We are starting to hear, more and more, the development of  the soul jazz sound, and we're learning a couple of things. First, it really is a new sound. It comes from bebop and hard bop and rhythm and blues, but it's not any of them. And although it would, in time, wear out its welcome and its capacity for originality,  that certainly had not happened yet in 1961. And although everyone wanted that organ sound for their soul jazz recordings, that wasn't falling into a rut, either. A lot of very talented musicians were playing soul organ, and each was carving out her or his own stylistic niche.

McDuff also draws his music from some interesting sources. Three of the tunes on the album ("Dink's Blues" (a traditional blues here credited to McDuff),  "Blues and Tonic," "Whap!") are McDuff originals. Of the other three:

  • Henry Mancini was becoming one of the hottest composers around, having brought jazz to network TV with Peter Gunn. His theme for another TV show featuring a suave crime-solver, Mr. Lucky, never quite achieved the ubiquity of the Peter Gunn theme, but it was Mancini, and it got its share of interpretations, from the Dixieland of Jimmy and Marian McPartland, to the Latin rhythms of Jack Costanzo (mambo) and Laurindo Almeida and Mancini himself (Mr. Lucky Goes Latin), to the hard bop of Donald Byrd and Pepper Adams (with a young Herbie Hancock). It fits nicely into the soul jazz idiom too, though with the typical organ combo lineup of no bass it's hard to exactly duplicate the Mancini walking bass.
  • "The Honeydripper" was written and performed by rhythm and blues pioneer Joe Liggins. It
    was a huge hit for him on the race charts in 1945-46,  and it spawned a number of first-rate covers, mostly by blues and rhythm and blues artists.

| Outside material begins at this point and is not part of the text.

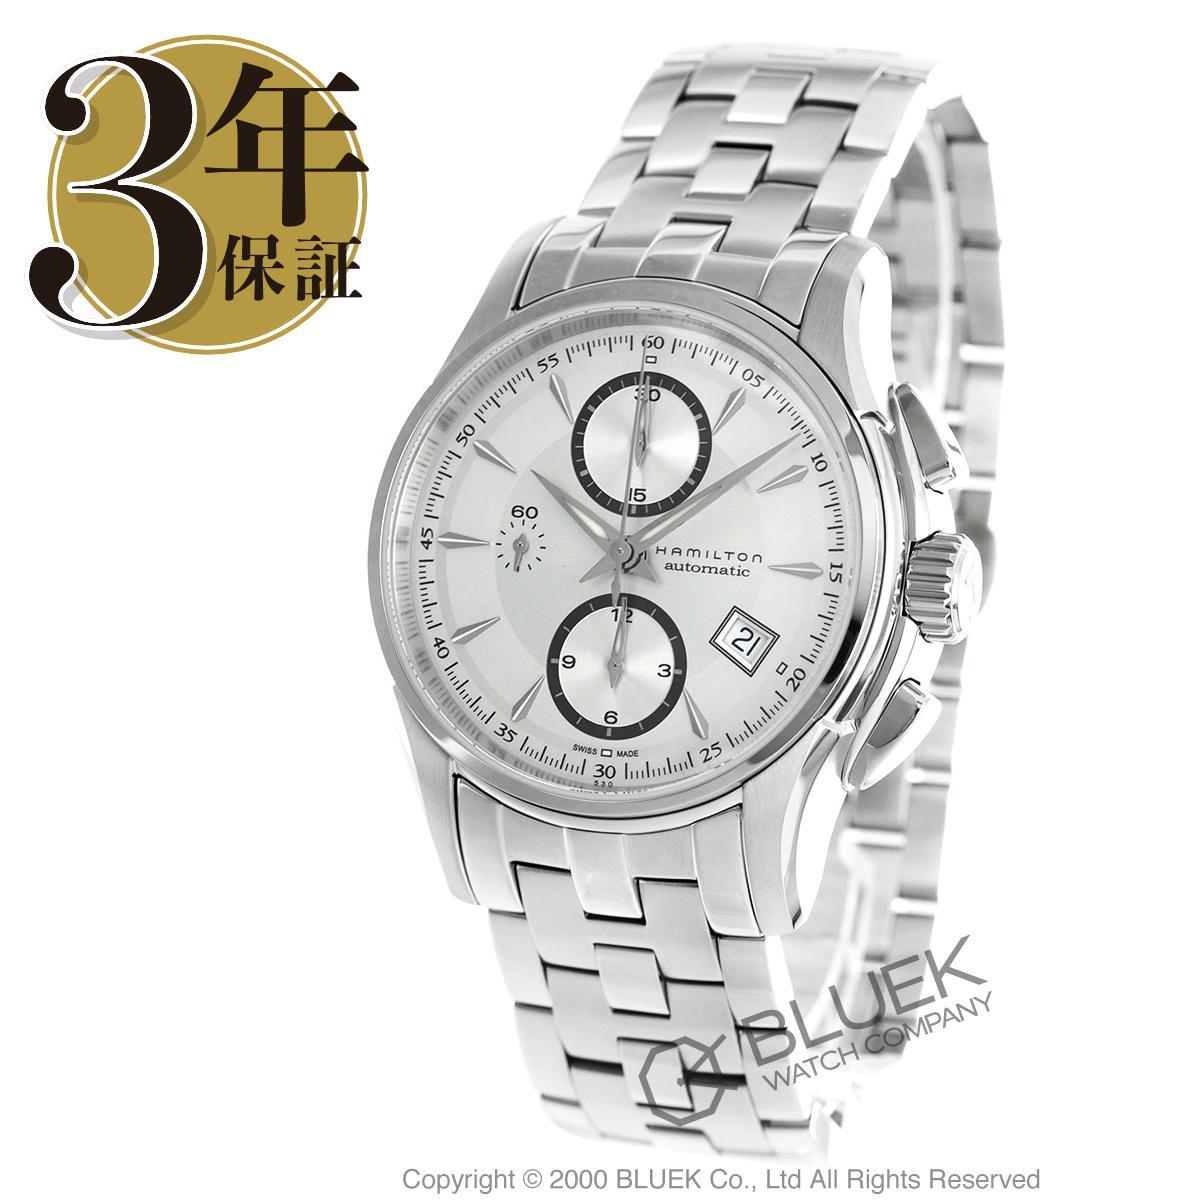 ハミルトン ジャズマスター オート クロノ クロノグラフ 腕時計 メンズ HAMILTON H32616153_8 バーゲン 成人祝い ギフト プレゼント

Not so much in the jazz field, although you'd think it would have been a natural for soul jazz artists. But Cab Calloway did record it in 1946, and Oscar Peterson in 1963. On this one, McDuff really does carry the walking bass part on his organ.
  • "I Want a Little Girl" was first recorded in 1930 by McKinney's Cotton Pickers. It was written by Murray Mencher and Billy Moll, two gentlemen with whom you really would not associate the authorship of a blues standard. Mencher is best known for "Merrily We Roll Along," the theme music for the Merrie Melodies cartoons, and Moll for "I Scream, You Scream, We All Scream for Ice Cream."  The song lay dormant for a decade, had a couple of covers in the 1940s, including one by Jay McShann. In 1955 it was picked up as "I Want a Little Boy" by Kay Starr, a big band singer trying her best to stay relevant in the rock and roll era.  That wouldn't seem to be an auspicious comeback for a song with ambitions to be a blues classic, but then in 1956 and 1957 it was recorded by two of Atlantic's greatest blues singers, Joe Turner and Ray Charles, and those gave it thoroughly hip credentials. McDuff's was actually not the first jazz organ version of the tune: rhythm and blues bandleader Doc Bagby had done it in 1955.  McDuff, Forrest, Green and Dixon do a great rendition, probably my favorite cut on the album.
Esmond Edwards produced. The Honeydripper was the title of the album, and given how huge a hit the title song had once been on 78 RPM, it was chosen as a two-sided 45 RPM single.